- Born: Noelia Victoria Voigt November 1, 1999 (age 26) Sarasota, Florida, U.S.
- Education: University of Alabama
- Spouse: Jack Hendrix
- Beauty pageant titleholder
- Title: Miss Utah USA 2023; Miss USA 2023;
- Major competitions: Miss Utah USA 2023; (Winner); Miss USA 2023; (Winner; Resigned); Miss Universe 2023; (Top 20);

= Noelia Voigt =

American beauty pageant titleholder (born 1999)

Noelia Victoria Voigt Hendrix (born November 1, 1999) is an American interior designer, model and beauty pageant titleholder who was crowned Miss USA 2023 and represented the United States at the Miss Universe 2023, where she placed in the Top 20.

== Life and career ==
Voigt is the daughter of an American former baseball outfielder, Jack Voigt, and a Venezuelan, Jackeline Briceño. She is the first Venezuelan-American to earn the title Miss Utah USA and eventually Miss USA. She attended Pine View School for the Gifted in Osprey, Florida.

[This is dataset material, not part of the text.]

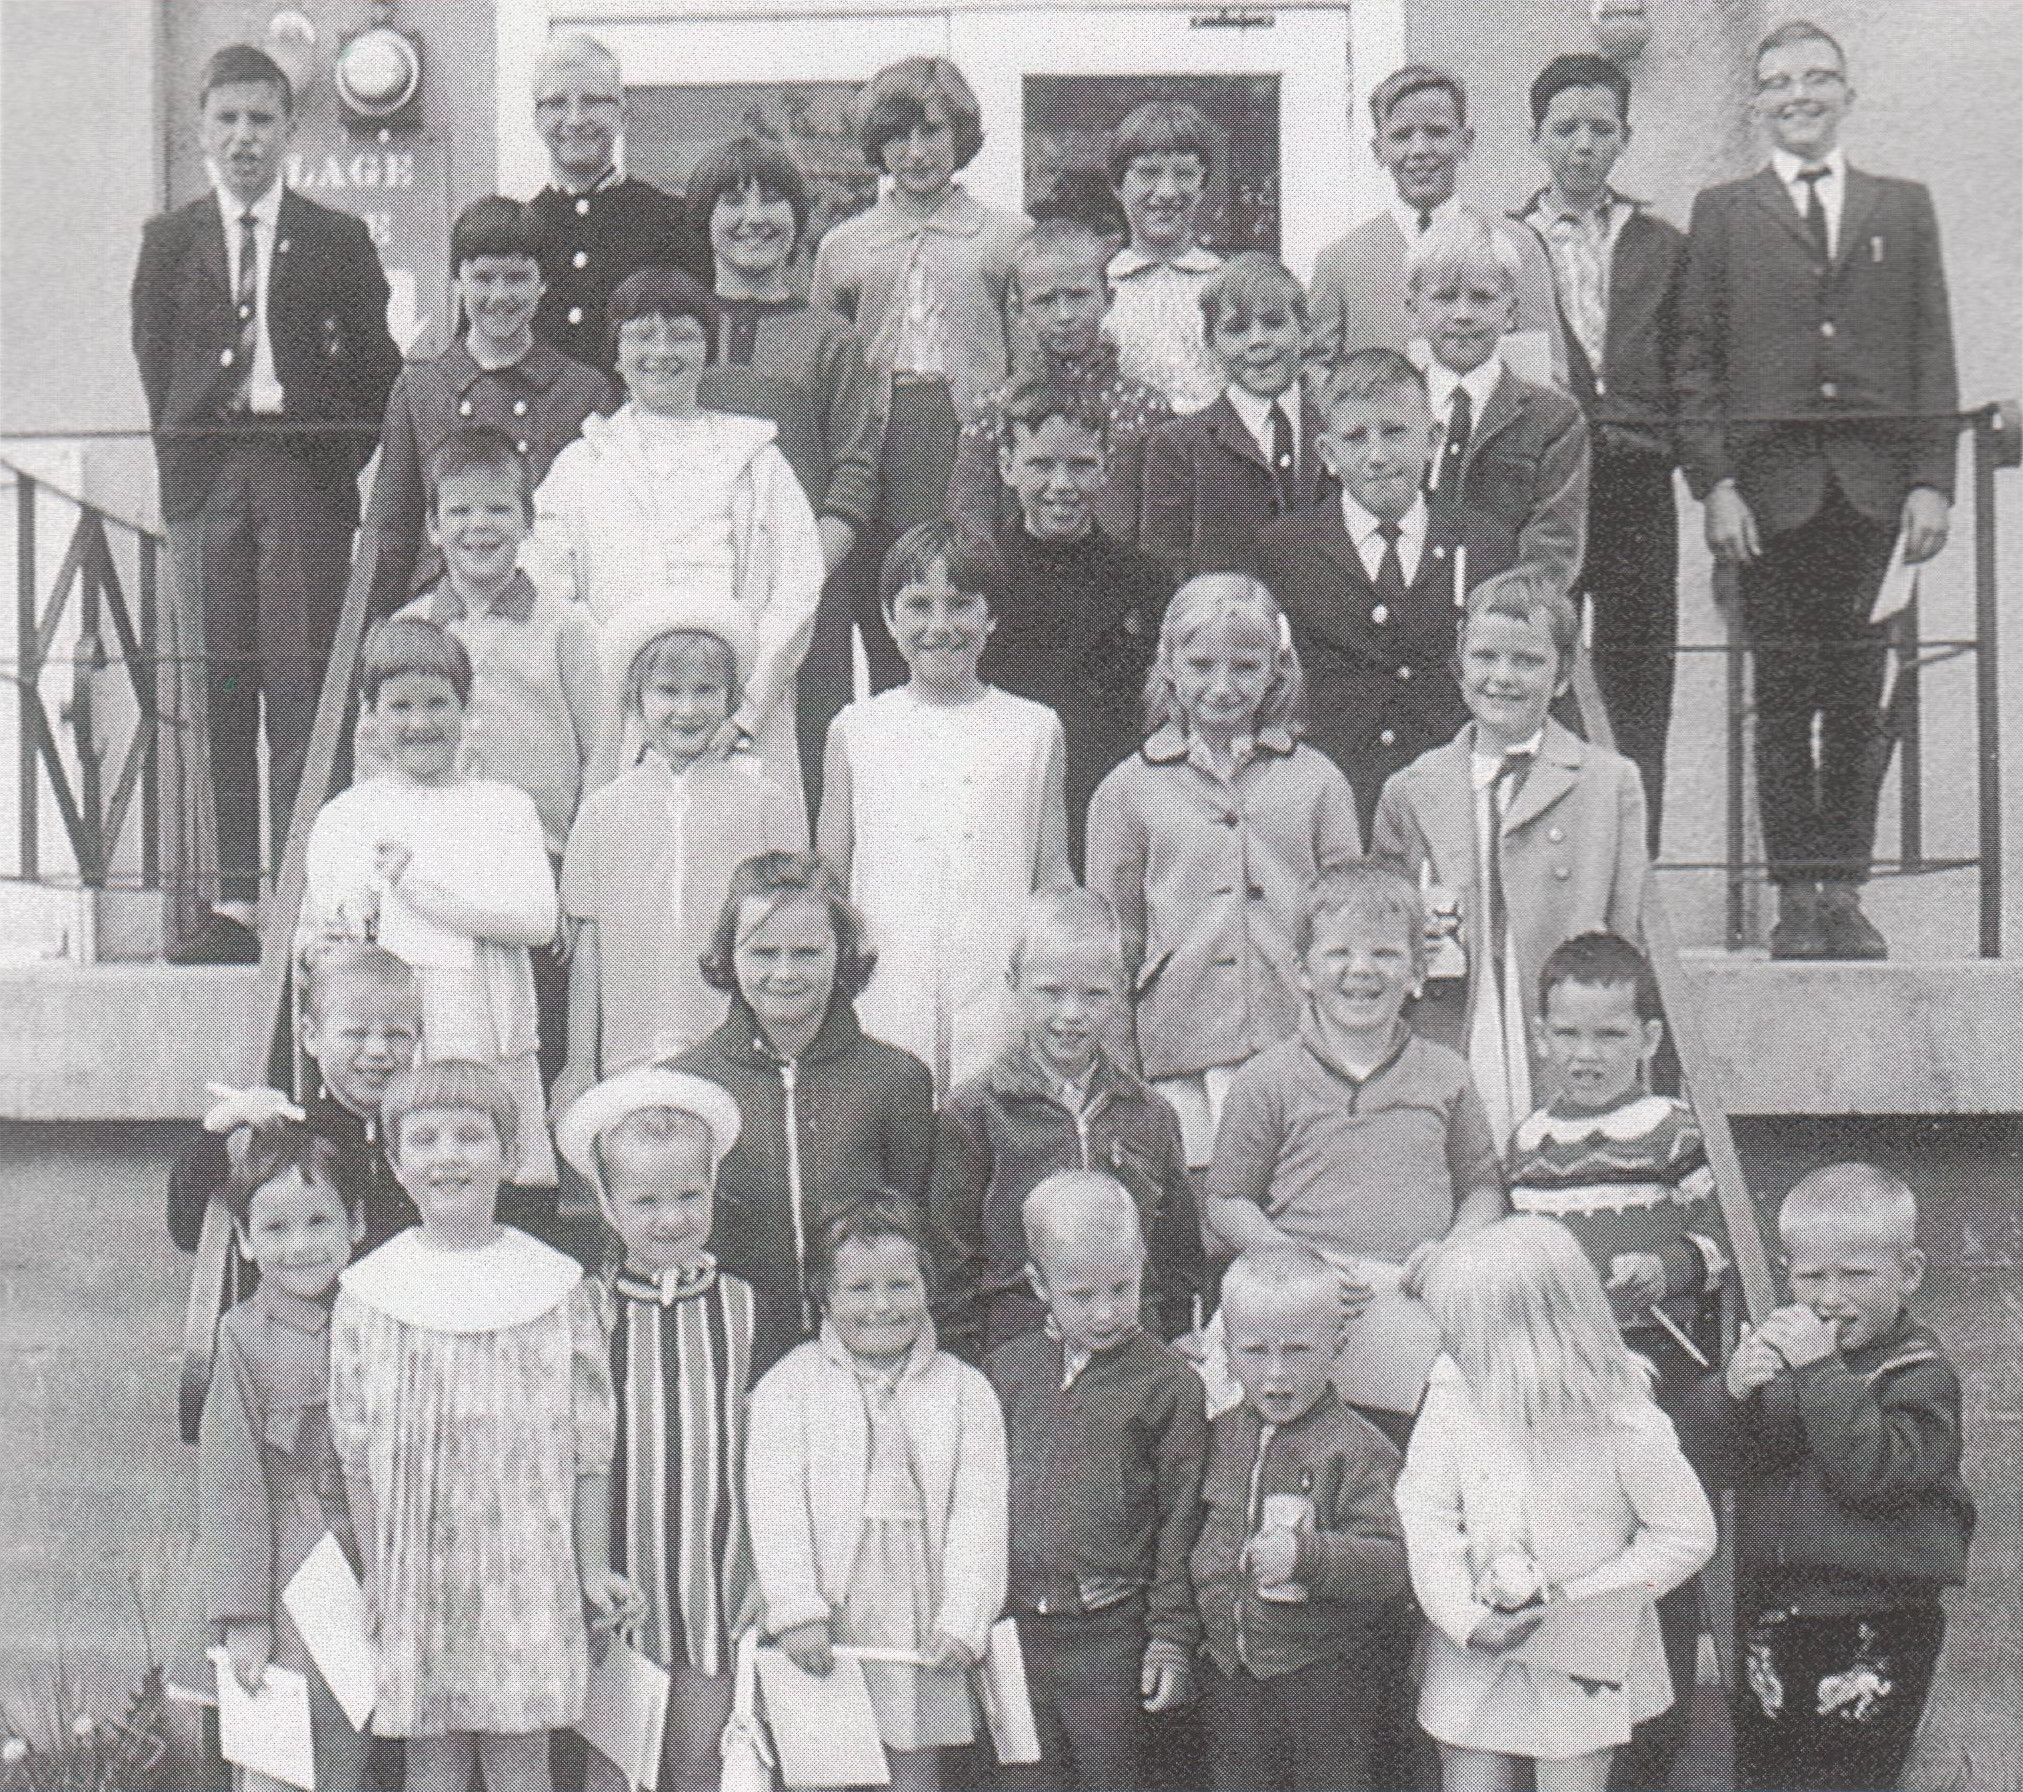 Sunday School in 1967. In those days there was no room at the church for Sunday School, so the children were sent across to the Community Hall.

Voigt has said she wanted to compete in pageants as a child, but her mother made her wait until she became a teenager. After competing in her first pageant at age 16, she faced bullying by her peers which inspired her to take up a platform of anti-bullying. In 2021, Voigt authored a children's book called Maddie the BRAVE, inspired by Madison Whitsett, a 9-year-old who died by suicide after being bullied at her school in 2018.

Voigt attended the University of Alabama and is a licensed esthetician and lash technician. On September 29th, 2025, she married her longtime partner Jack Hendrix.

== Pageantry ==

=== Miss USA 2023 ===

After reaching the first runner-up position at Miss Alabama-USA for the second consecutive time, she moved to South Jordan, Utah, in April 2023 and competed for the title of Miss Utah USA 2023. After winning her adoptive state pageant, she went on to represent Utah at Miss USA 2023 on September 29 in Reno, Nevada, winning and becoming their first Venezuelan-American winner and state titleholder.

During the competition, after passing through the top 20 with the swimsuit and evening gown competitions, she eventually reaching the top five, along with contestants from Hawaii, Pennsylvania, Texas, and Wisconsin. In the final question and answer round, Voigt was asked: "As the brand ambassador for Miss USA, what will be your contribution to the organization?" to which she answered:

I believe the ability to connect with people is an incredibly important asset that a Miss USA should have. The United States of America is an incredibly diverse country, probably one of the most diverse in the entire world. So being able to connect with everybody is important. As a bilingual Venezuelan-American woman, I plan to connect with that community of people because the United States of America is a diverse country and a Miss USA needs to be able to represent every community no matter their background, their race, their ethnicity, anything and I would like to be that Miss USA.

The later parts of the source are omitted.